Right now, at home, for very little investment, you can try one thing that is often very helpful, which is multisensory instruction.
Stop just trying to teach him a letter by showing and telling.
Rather, get a good printing guide that gives proper directionality for letters and follow it faithfully. The consistent directionality is vital because it gets the information into muscle memory (kinesthetic) and it leads to consistent and easy writing later. Make photocopies of the printing guide using the enlargement feature, copy a couple of times if necessary, until you get the letters a couple of inches high with the directionality arrows well visible, then cut them apart and save them in an envelope to do one at a time. Do *lower-case only* for the first while — 95% of reading is lower case, and also the letters are more distinct visually.
Also get a medium-sized whiteboard or a small blackboard and appropriate markers or chalk. It’s passable to put them on a table, but much better on a sloped surface like an easel, or if he can stand for twenty minutes, on the wall.

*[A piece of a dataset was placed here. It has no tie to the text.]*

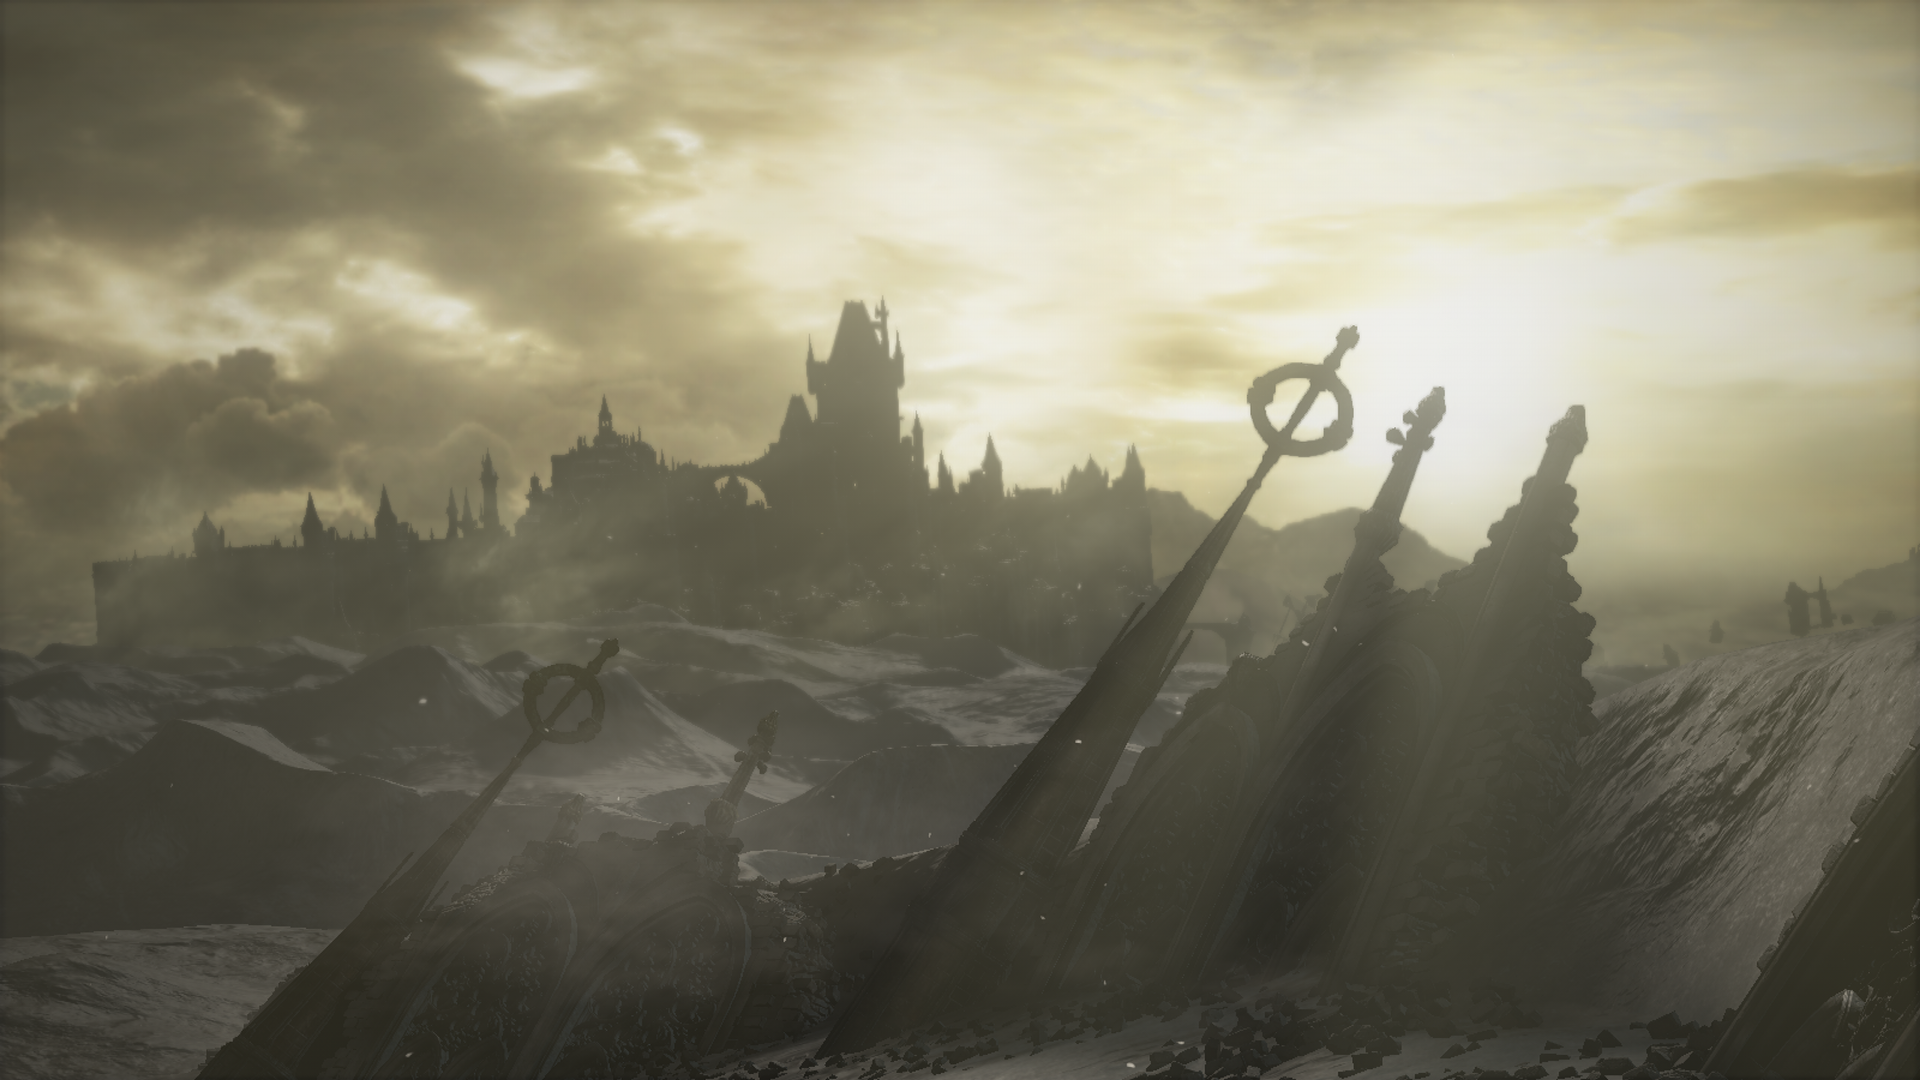 Dark Souls 3 The Ringed City By Bartock26 On Deviantart

The idea is to get a surface that he can work on with *no* hand pressure and make nice large swooping motions to form letters easily. Small writing comes much later; don’t worry about it for now.
Take one letter at a time, lower-case, and tape the large model to the top or side frame. Have his trace the letter in *correct* directionality, with as few pen lifts as possible, using his fingertip. At the *same time* he is tracing it, have him say either the *sound* of the letter, or both the name and the sound since he has already started names. The sound is important because that’s what you actually use in reading; letter names can actually confuse the real beginner. So he traces the letter and says “ay - ah” or “bee - buh” and so on. Saying the sound at the same time as doing the motion is important to get things into memory.

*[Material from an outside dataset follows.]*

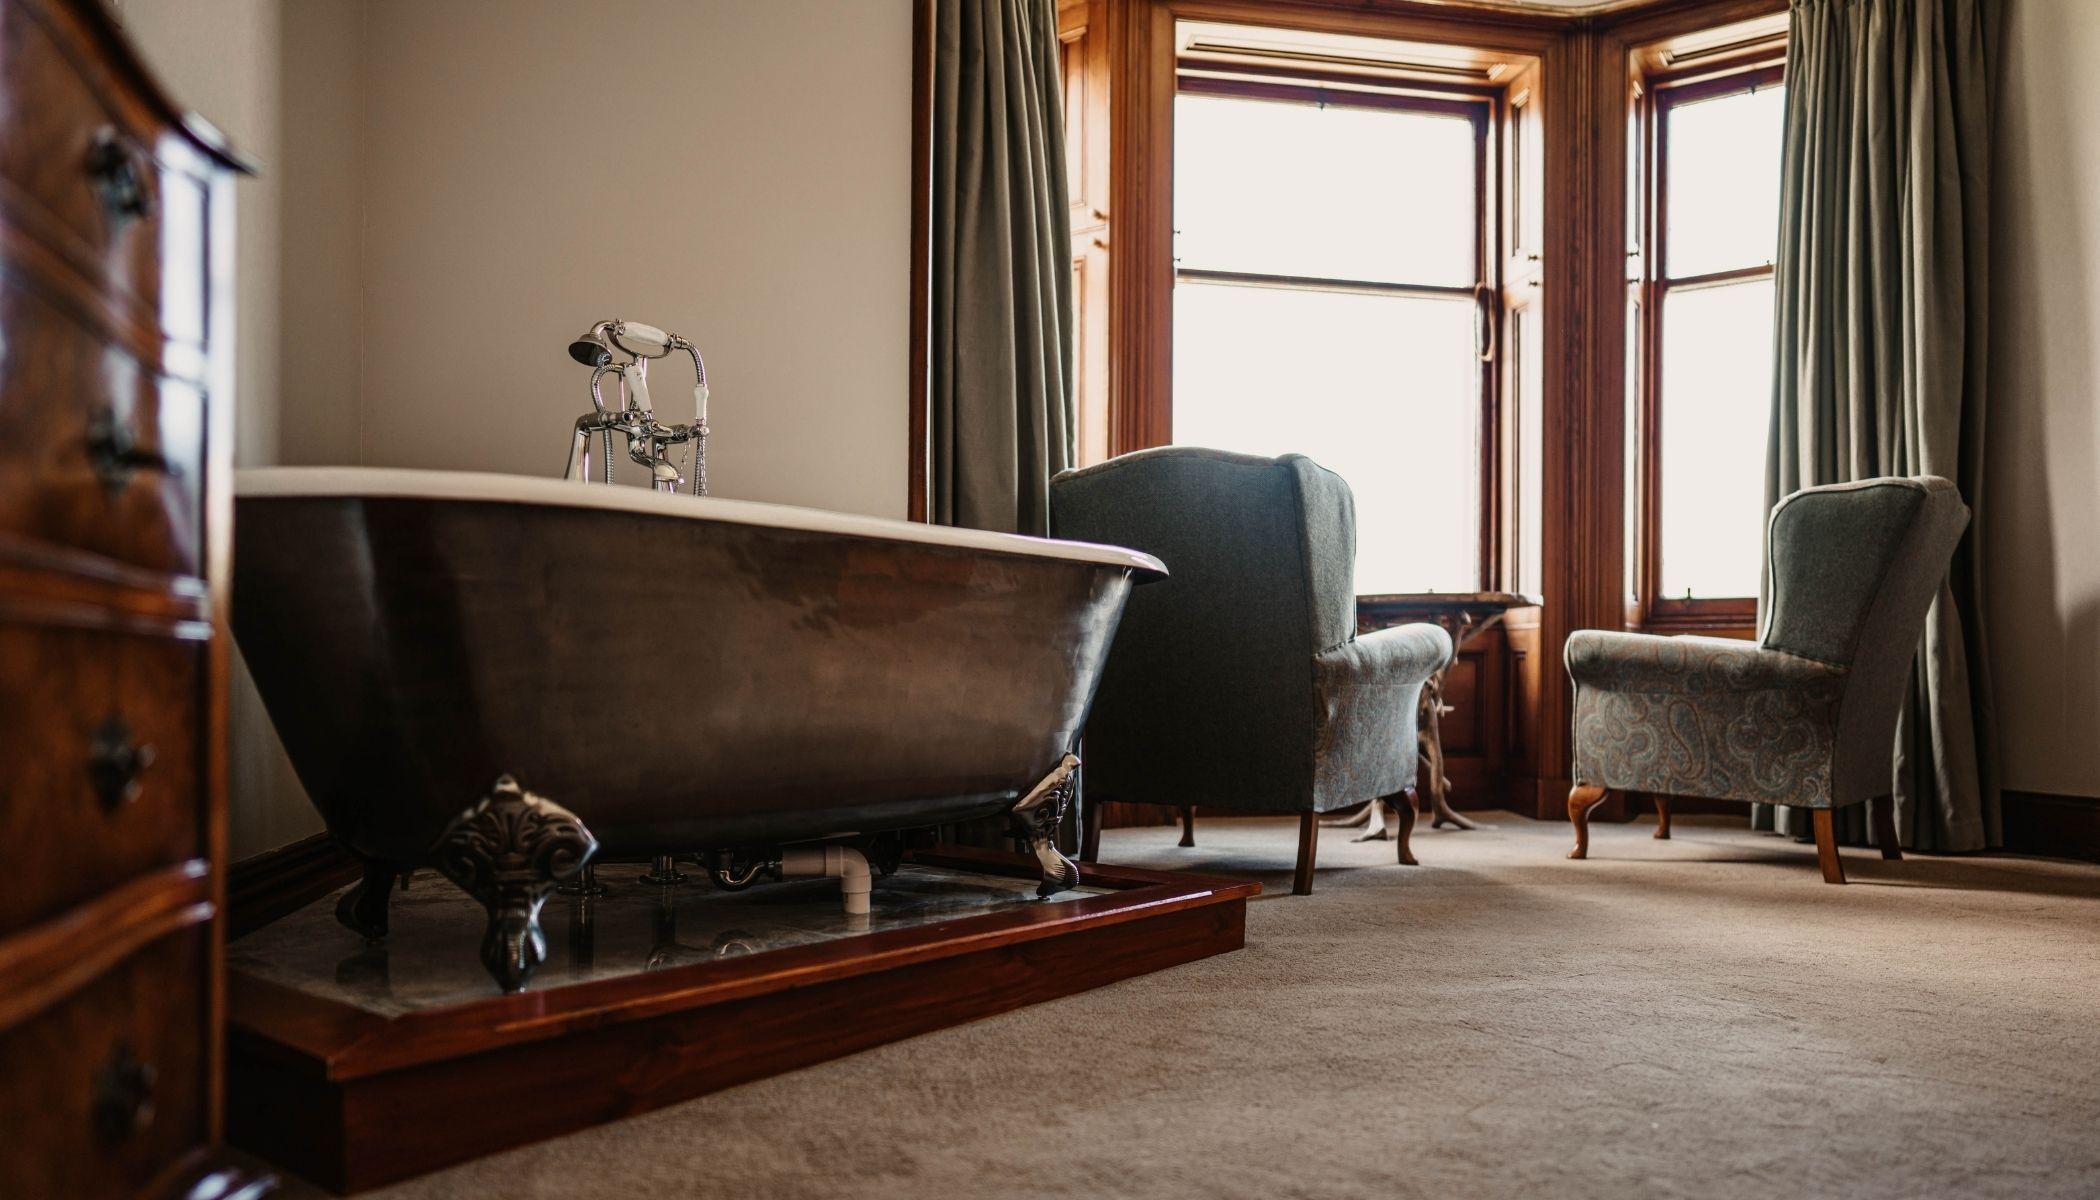 Bath tub in Suite

Then have him copy the letter on the board using large fluid motions — if he does it six inches high, good. As he is forming the strokes, for many kids it is helpful to give a description of the motions: “b — start at the top, way up; sli-i-i-ide down to the bottom; now slide back up to the middle; now bounce around the ball and all around and back.” (*Only* if the child has a real verbal comprehension disorder do you leave this out.)
One letter a day is a good idea. Start with two or three letters that are very distinct — say for example a, m, and t (round, two bumps, and tall stick). Have him say name and sound *each and every time” he forms the letter. “around-up-down — ah — around-up-down —ah … “
Then do a page or two or three on the *same* letter in a good phonics workbook — a page identifying words that start with “mmm”, a page writing m’s, a page with some other activities with m’s, etc.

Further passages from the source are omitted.